Warning: mysqli_select_db() expects exactly 2 parameters, 1 given in C:\

I'm doing a tutorial in which the author has not updated his content to reflect changes in the PHP documentation. Anyways, I need to know what is parameter is being asked of me to provide. I've checked that all things are in order, but I literally don't know what I'm supposed to provide. Here's what I have:

Connects.php

<?php
$connect_error = 'Sorry, we\'re experiencing connection issues.';
$con = mysqli_connect('localhost', 'root', 'PwdSQL5');
mysqli_select_db('phpcadet') or die($connect_error);
?>


And yet I get the error: enter image description here

Edit: After figuring out to resovle the Connects.php issue, here's why I get when fixed it... more errors and here's my code. Remember I'm new to PHP and am following a poorly done tutorial.

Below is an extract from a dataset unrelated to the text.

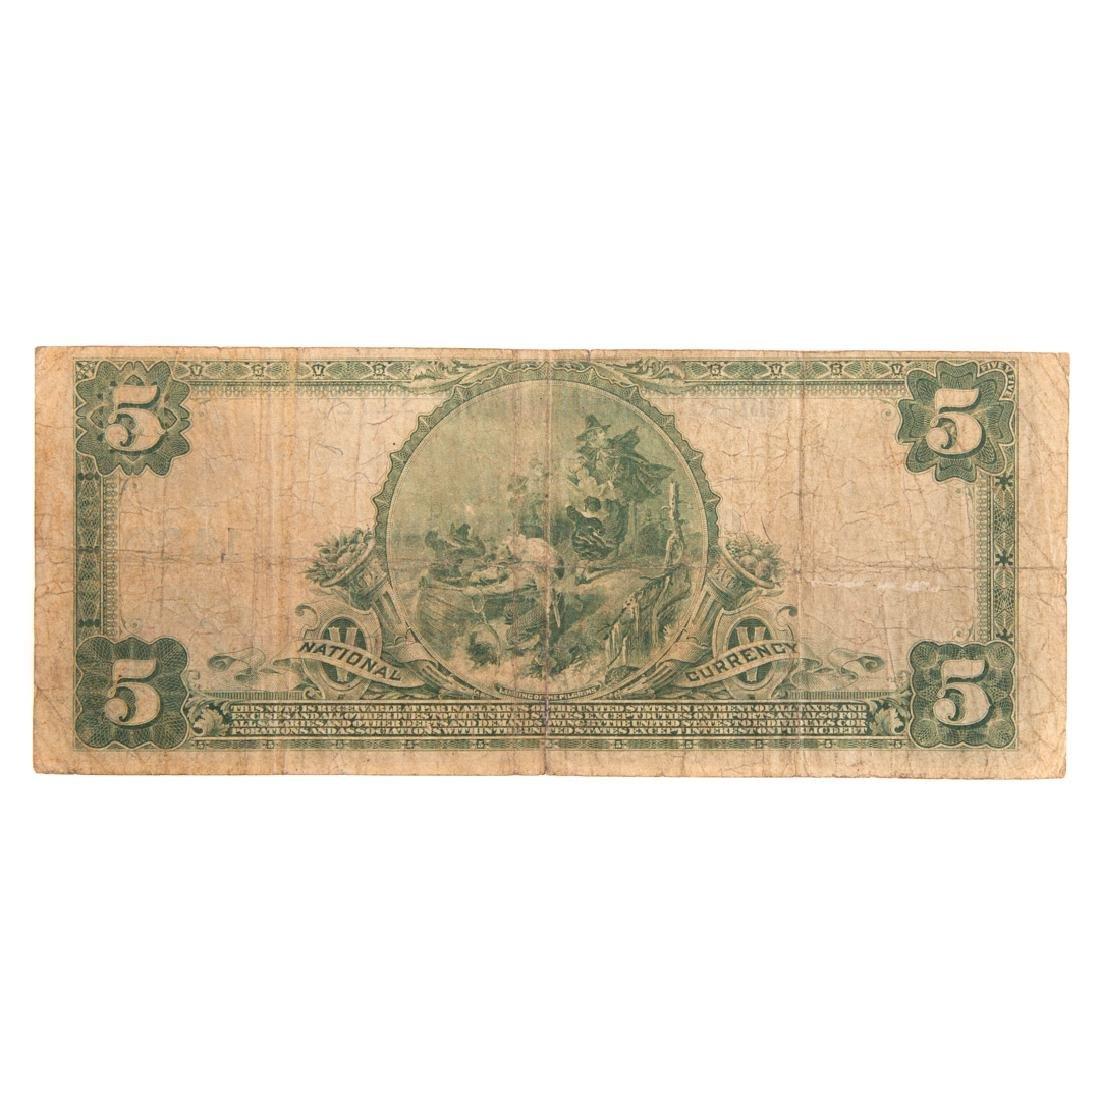 [US] 1902 $5 Plain Back Ch# 1432 FR-598 Baltimore - 2

Warning: mysqli_real_escape_string() expects parameter 1 to be mysqli, string given in C:\vhosts\phpcadet\core\functions\general.php on line 4

General.php

<?php
function sanitize($data)
{
return mysqli_real_escape_string($data, 'What goes here?');
}
?>


Then this: Warning: mysqli_query() expects parameter 1 to be mysqli, string given in C:\vhosts\phpcadet\core\functions\users.php on line 7

Users.php

<?php
require 'core/database/connects.php';

function user_exists($username)
{
$username = sanitize($username);
$query = mysqli_query($_POST['username'], "SELECT * FROM users");
$row = mysqli_fetch_array($query);

if($row['username']==$username)
{
echo "Welcome, $username!";
return true;
}
else echo "Please enter a valid username and password";
return false;
}

function user_active($username)
{
$username = sanitize($username);
$query = mysqli_query($_POST['username'], "SELECT * FROM users");
$row = mysqli_fetch_array($query);

if($row['username']==$username && $row['active']==1)
{
echo "Welcome, $username!";
return true;
}
else echo "Your username and password could not be verified.";
return false;
}
?>


And finally this: Warning: mysqli_fetch_array() expects parameter 1 to be mysqli_result, null given in C:\vhosts\phpcadet\core\functions\users.php on line 8

See same code above

Some of my code is a compilation of other answers to solve issues with the lesson, and were found on Stack. Due to inconsistecy of them, it makes it hard for me to pick up what is going on... Coming from a different language, I not that familiar here, and just need the help, so it all clicks. Then I'll have "understanding" of what the manual is saying. Thanks.

Answer

mysqli_select_db() should have 2 parameters, the connection link and the database name -

mysqli_select_db($con, 'phpcadet') or die(mysqli_error($con));

Using mysqli_error in the die statement will tell you exactly what is wrong as opposed to a generic error message.